R E K L A M A
R E K L A M A

Magdalena Marcinkowska. To ona spowodowała, że Romanowski wyszedł na wolność

Magdalena Marcinkowska, wiceszefowa polskiego przedstawicielstwa przy Radzie Europy związana z PiS, miała odegrać kluczową rolę w sprawie listu, który okazał się istotnym atutem dla Marcina Romanowskiego. Marcinkowska była nie tylko bliską współpracowniczką Piotra Glińskiego, ale również była powiązana z PiS.

Fot. YouTube

Theodoros Rousopoulos i jego list

„Gazeta Wyborcza” poinformowała, że wysoko postawione źródła w Ministerstwie Spraw Zagranicznych potwierdziły przebieg wydarzeń związanych z listem Theodorosa Rousopoulosa, Przewodniczącego Zgromadzenia Parlamentarnego Rady Europy. Według tych informacji, 15 lipca Agencja Bezpieczeństwa Wewnętrznego przeprowadziła akcję w mieszkaniu Marcina Romanowskiego.

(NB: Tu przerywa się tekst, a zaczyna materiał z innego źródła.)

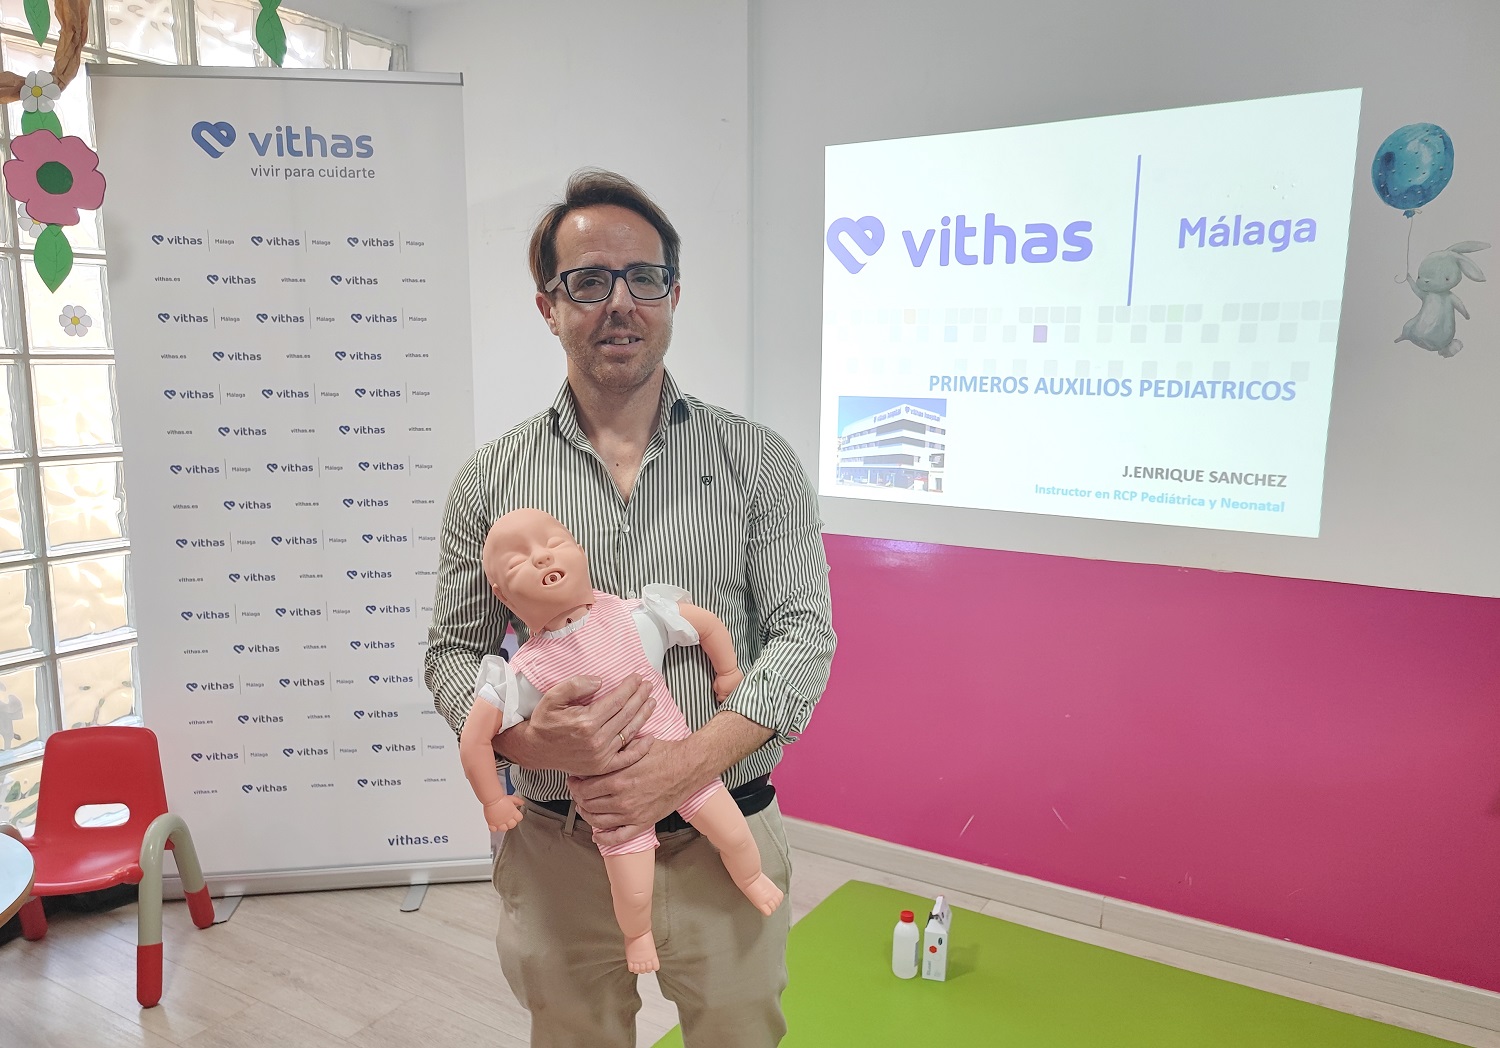 Vithas Málaga organiza un Aula Salud sobre primeros auxilios infantiles para familias

Poseł Suwerennej Polski i były wiceminister sprawiedliwości został zatrzymany i przewieziony do Prokuratury Krajowej, gdzie usłyszał 11 zarzutów dotyczących nadużyć w Funduszu Sprawiedliwości (112 mln zł rozdysponowanych na podmioty związane ze Zjednoczoną Prawicą) oraz działalności w zorganizowanej grupie przestępczej.

Po zatrzymaniu, adwokat posła, mec. Bartosz Lewandowski, zapowiedział przed dziennikarzami, że pojawiła się ważna okoliczność mogąca zmienić sytuację, jednak nie ujawnił szczegółów dotyczących tej sprawy.

We wtorek prokuratura zapowiedziała wniesienie wniosku o areszt dla Marcina Romanowskiego, a rozprawa miała się odbyć w środę rano. Jednak niespodziewanie Sąd Rejonowy dla Warszawy Mokotowa wyznaczył ją na wtorek o godz. 23.30. Wcześniej, po godzinie 13, Arkadiusz Mularczyk, poseł PiS i delegat do Zgromadzenia Parlamentarnego Rady Europy, ogłosił na portalu X, że sekretarz generalna ZPRE poinformowała go o zamiarze Rady Europy wystąpienia do Marszałka Sejmu w sprawie niezgodnego z prawem zatrzymania posła bez zgody tej instytucji.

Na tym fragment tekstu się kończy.